It is hardly worth trying to translate these metaphors to the level of economic argument, since the debate about competition and competitiveness is situated on the plane of beliefs, which has no room for logical discourse. Apart from what the economic theories that preach the virtues of free competition suggest or try to demonstrate, the only thing observed up to now in the real world of capitalist economy is a succession of predatory actions directly or indirectly backed by the force of arms. On the global economy's defined and regulated battlefield, giant corporations fight among themselves, grabbing or divvying up markets, advantages and benefits based on the relations of strength existing in each place at any given moment.

This is the only evidence and the only reality that endures over time, beyond anecdotal episodes in which some astute or gutsy player honestly obtains small and ephemeral benefits in some remote part of the arena. But in the sphere of beliefs, evidence has no more weight than arguments, and faced with both, believers remain faithful unto death or until some personal commotion makes them start asking questions.

Reality and observable experience do, however, serve to teach what can and cannot be expected from the way competition functions as a regulating instrument of economies, particularly the international economy. What can be expected is a still greater concentration of wealth and power in the transnational corporations and the governments that back them, as well as some transmission of these benefits toward the well off classes in the Center countries. These are obviously the strongest fighters, with most backing on the battlefield of the global economy, and they do not and never will hesitate to use their strength.

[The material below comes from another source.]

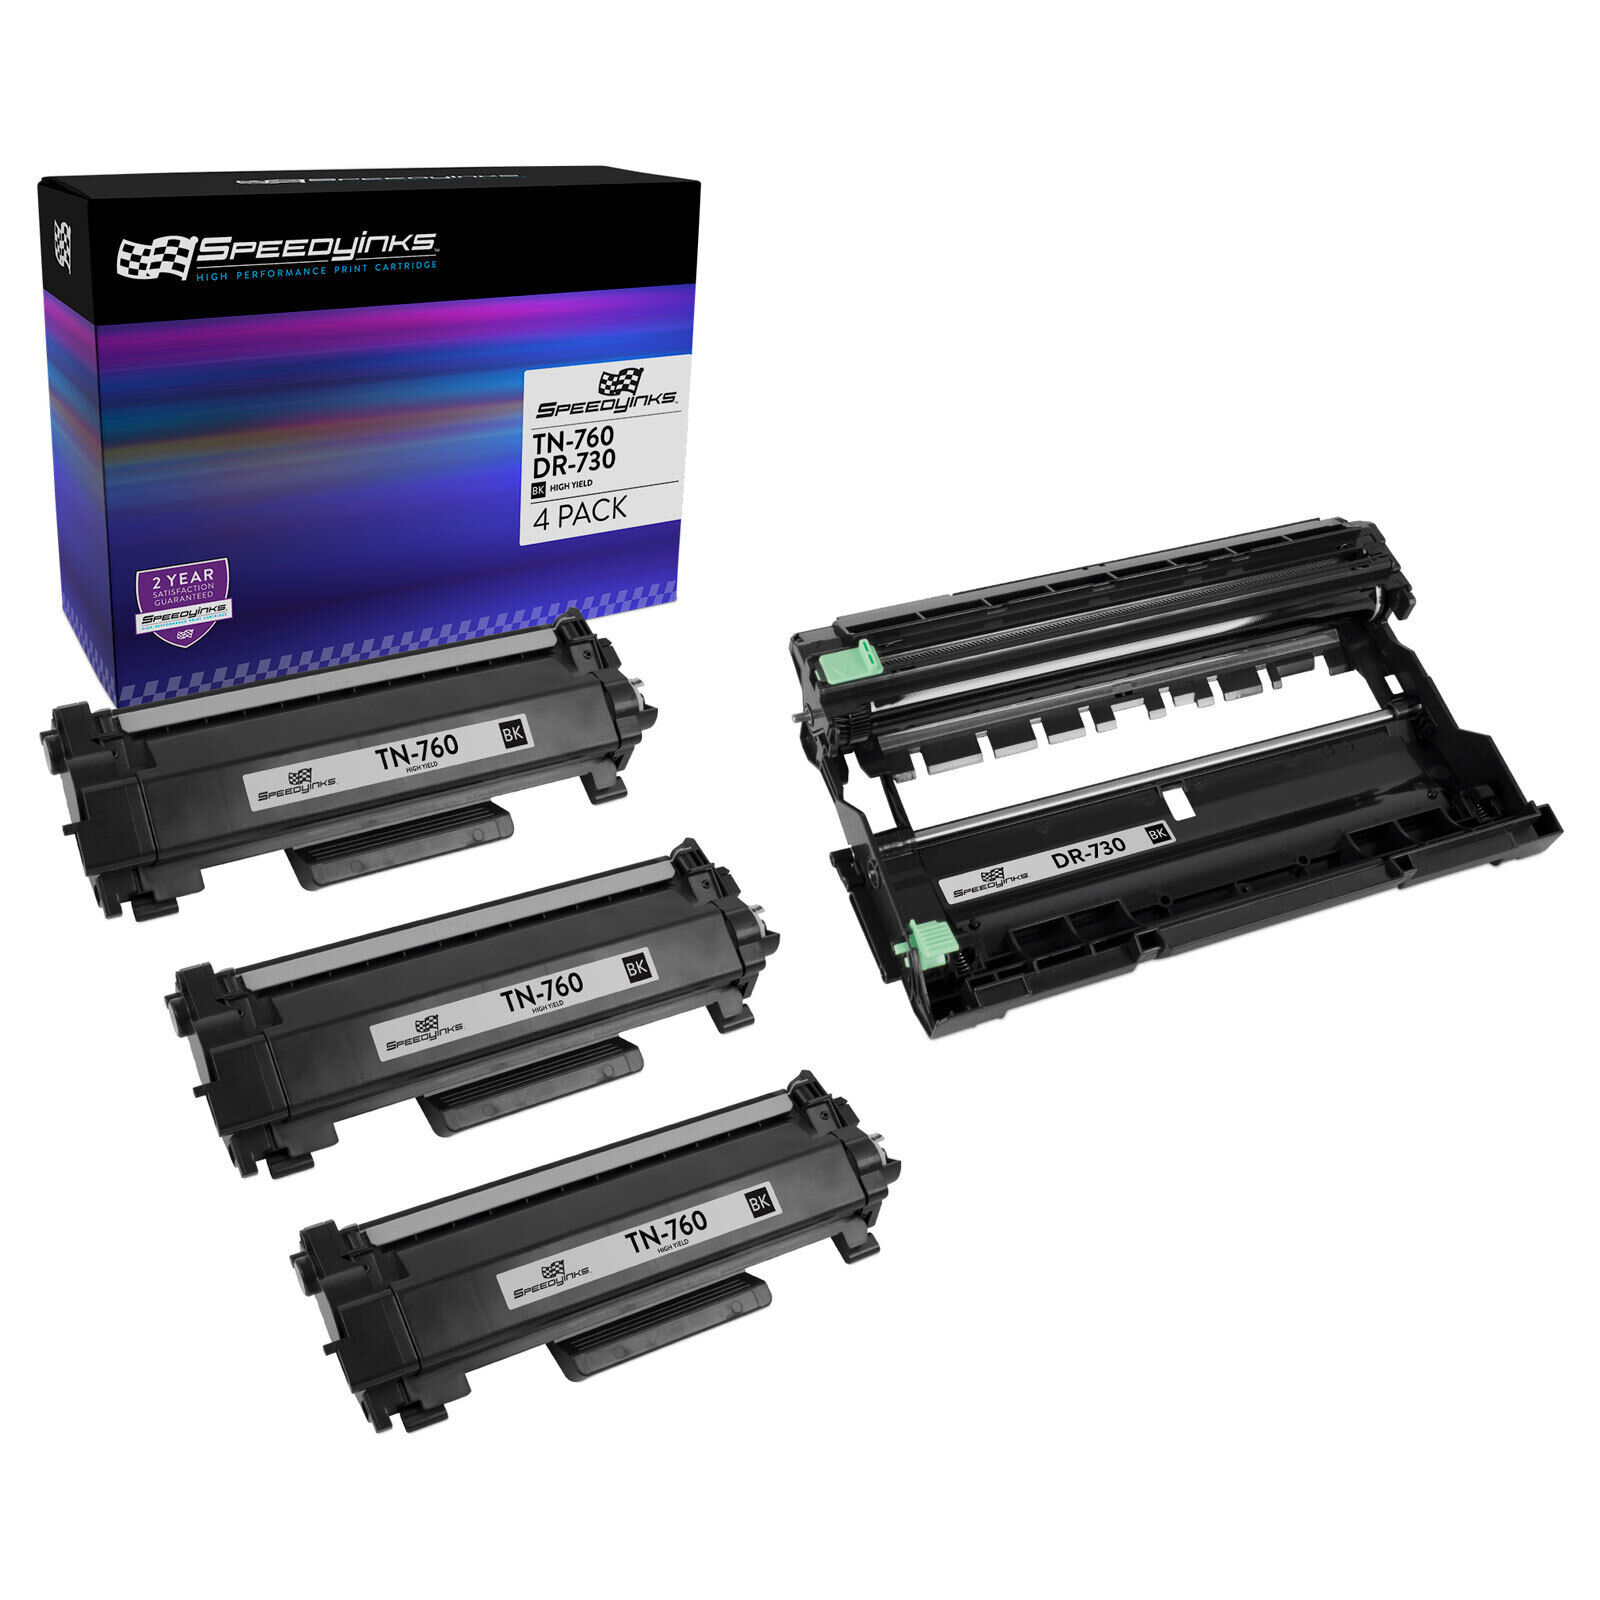 SPEEDYINKS 4PK Replacements for Brother TN760 Black Toner Cartridge & DR730 Drum

As a result, a general tendency toward greater dispossession of the peoples of the Periphery can be expected, although, at some stages, certain places may appear to be moving toward equalization. What obviously cannot be expected of international competition is a process that leads, even over a very long time, to equal access by all peoples on the planet to economic goods and natural resources.

A "World Government"?

The point of departure for building a resistance movement against the new deployment of the capitalist world economy is a questioning of the three essential ideological pillars on which that global system is built: development, maintained as the objective and universal destiny of humanity as a whole; globalization of the economy, accepted as a historic necessity and the only way to extend development to the whole world; and competition in the free world market, considered to be the only instrument that can optimally regulate the functioning of the globalized economy.

Set upon these pillars, an idea is taking shape and being presented from very diverse perspectives as the logical arrival point of world thought: given the inexorable tendency toward a globalized economy and the planetary consequences of numerous environmental problems, it is necessary to construct some world rank regulatory system that can order the universal scene and the behavior of the various actors participating in it. The apparition of some form of "world government" is thus beginning to loom on the horizon as a necessary response to globalization.

The institutions that represent world capitalism are among those making incipient suggestions about the need to reinforce the international control mechanisms, but they are not alone. Given the ecological and social consequences that globalization and free international economic competition already have and will go on having, many independent individuals and organizations are, for different reasons, talking about the opportunity to establish world institutions that can oversee environmental conservation and protect the vital interests of the weakest by controlling the behavior of the strongest and establishing certain redistribution mechanisms.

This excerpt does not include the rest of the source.